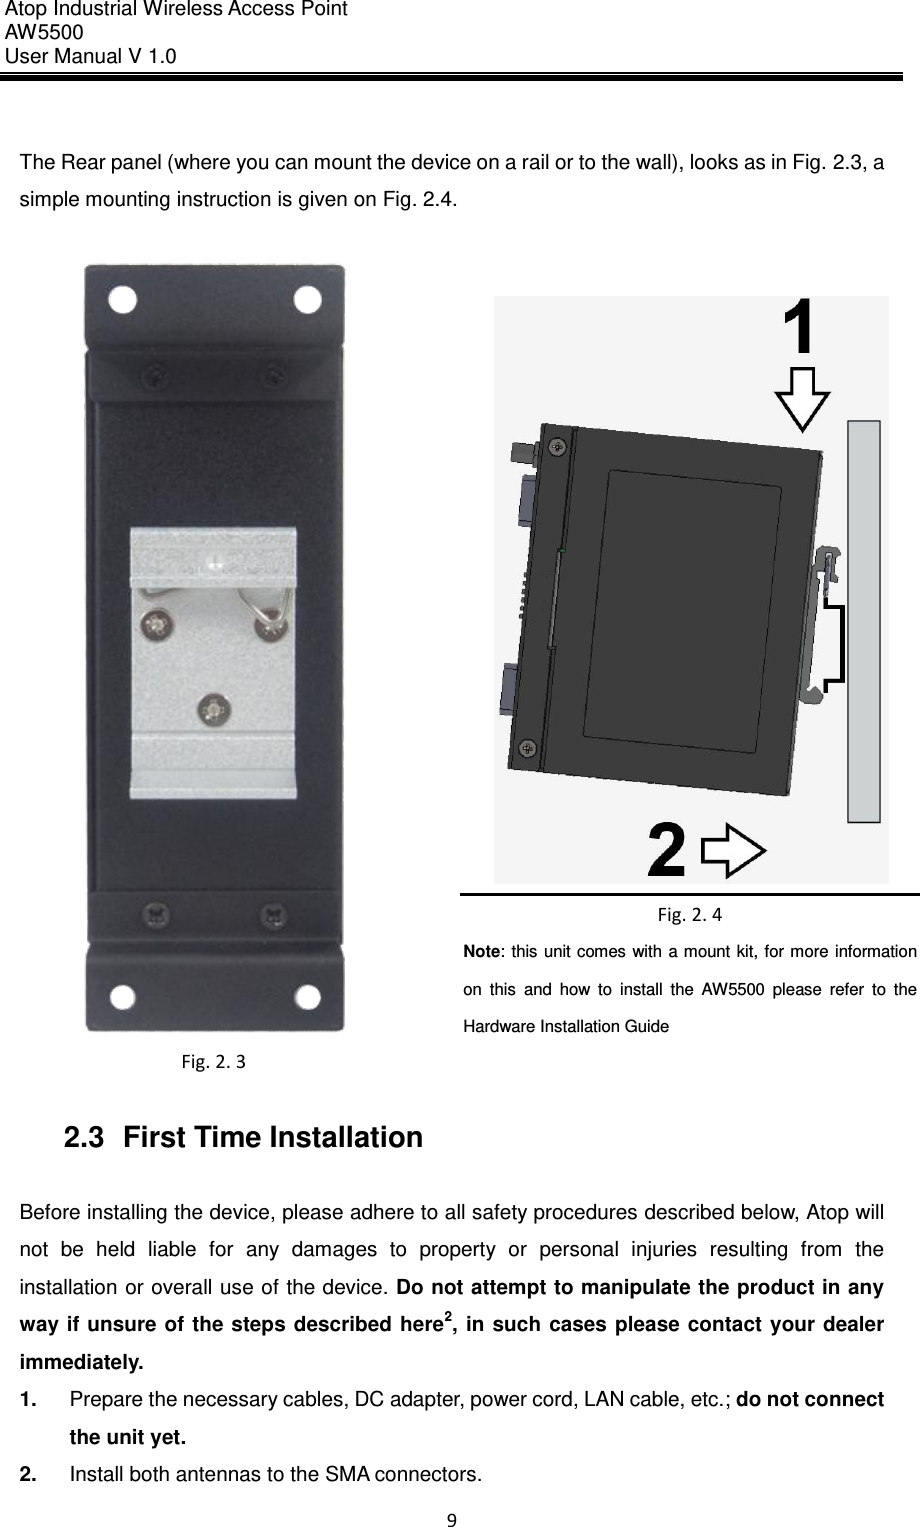 Atop Industrial Wireless Access Point AW 5500 User Manual V 1.0                      9   The Rear panel (where you can mount the device on a rail or to the wall), looks as in Fig. 2.3, a simple mounting instruction is given on Fig. 2.4.     Fig. 2. 3  Fig. 2. 4 Note: this unit comes with a mount kit, for more information on  this  and  how  to  install  the  AW5500  please  refer  to  the Hardware Installation Guide  2.3  First Time Installation  Before installing the device, please adhere to all safety procedures described below, Atop will not  be  held  liable  for  any  damages  to  property  or  personal  injuries  resulting  from  the installation or overall use of the device. Do not attempt to manipulate the product in any way if unsure of  the  steps described  here2,  in  such cases  please contact  your  dealer immediately.   1. Prepare the necessary cables, DC adapter, power cord, LAN cable, etc.; do not connect the unit yet. 2. Install both antennas to the SMA connectors. 
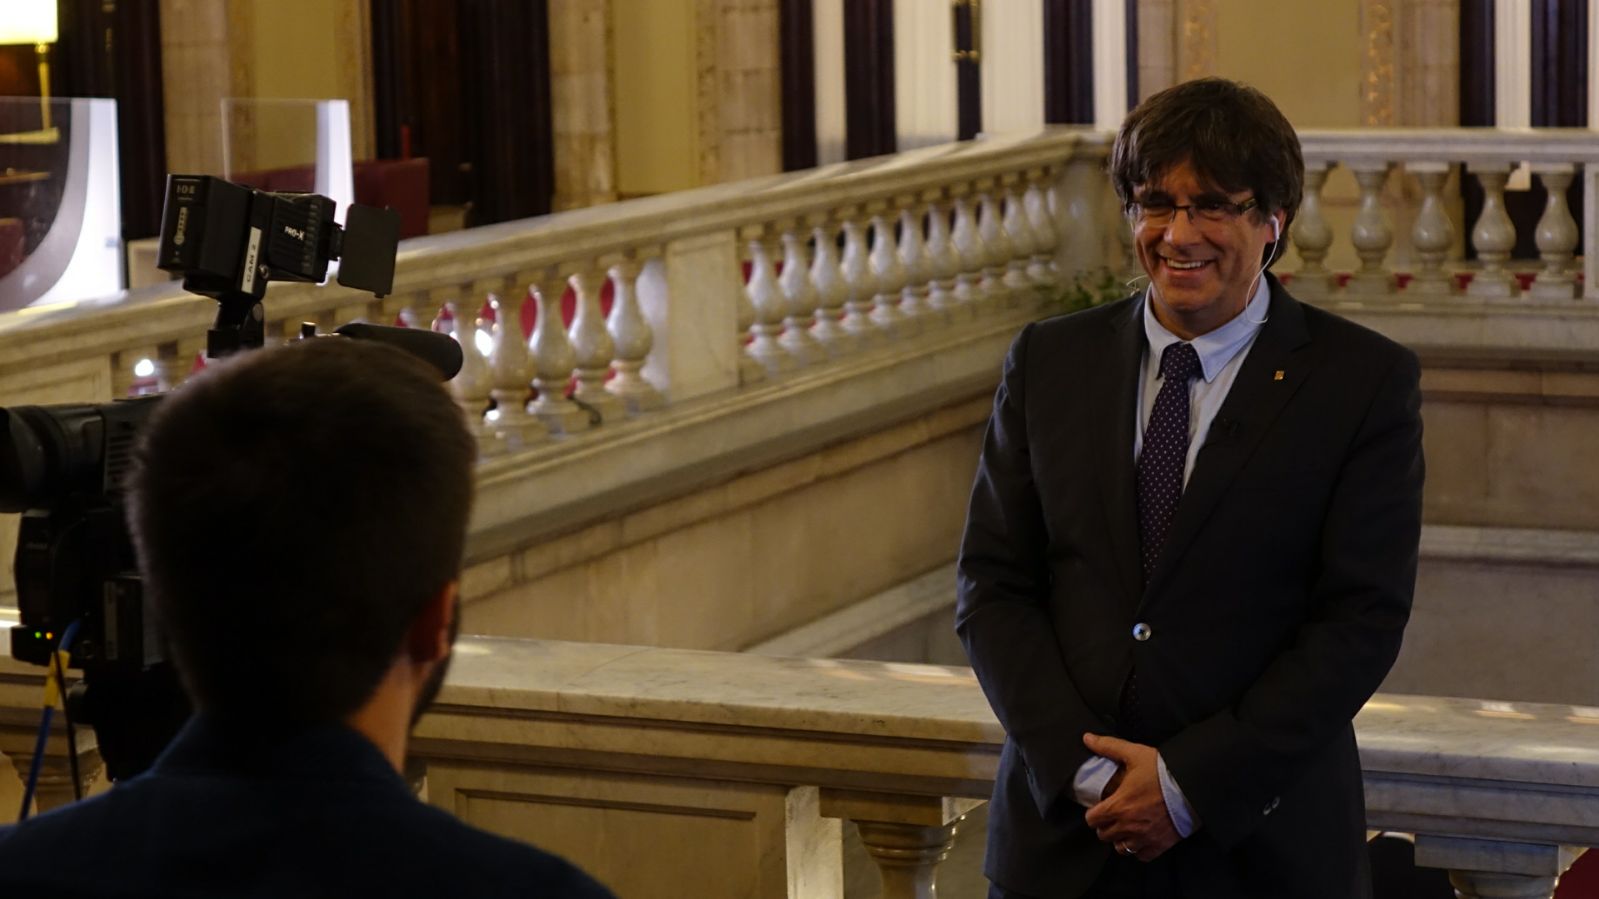 "They won't suspend democracy", Catalan president Puigdemont to Constitutional Court
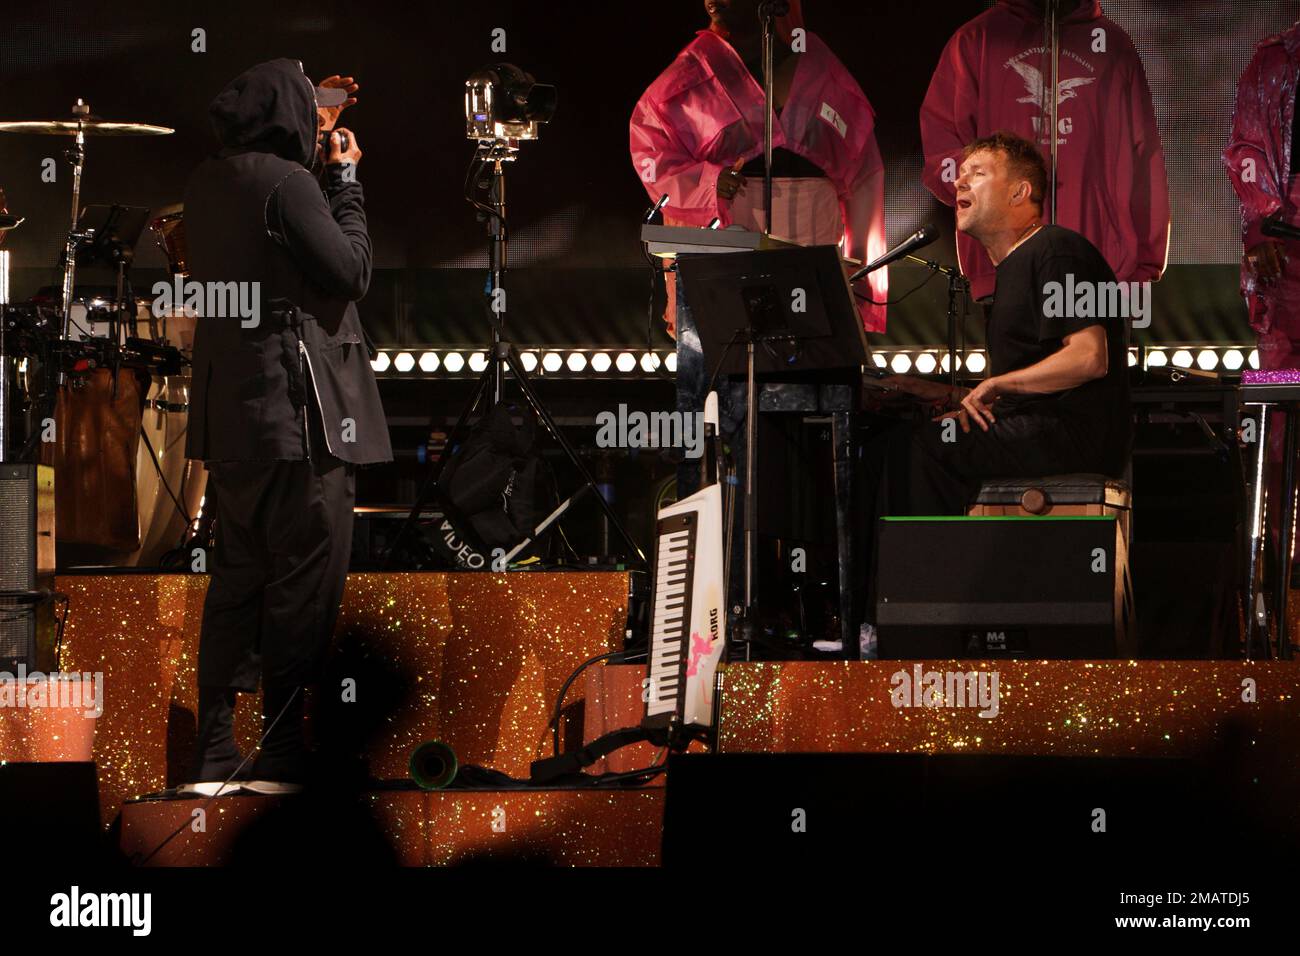 Yasiin Bey and Damon Albarn of Gorillaz perform on stage at All

● Work to be completed
Once the line containing "to Constitutional Court" is found, write it out exactly along with every line after it through the end of the listing, excluding pictures.

● Task answer
 "They won't suspend democracy", Catalan president Puigdemont to Constitutional Court
 Yasiin Bey and Damon Albarn of Gorillaz perform on stage at All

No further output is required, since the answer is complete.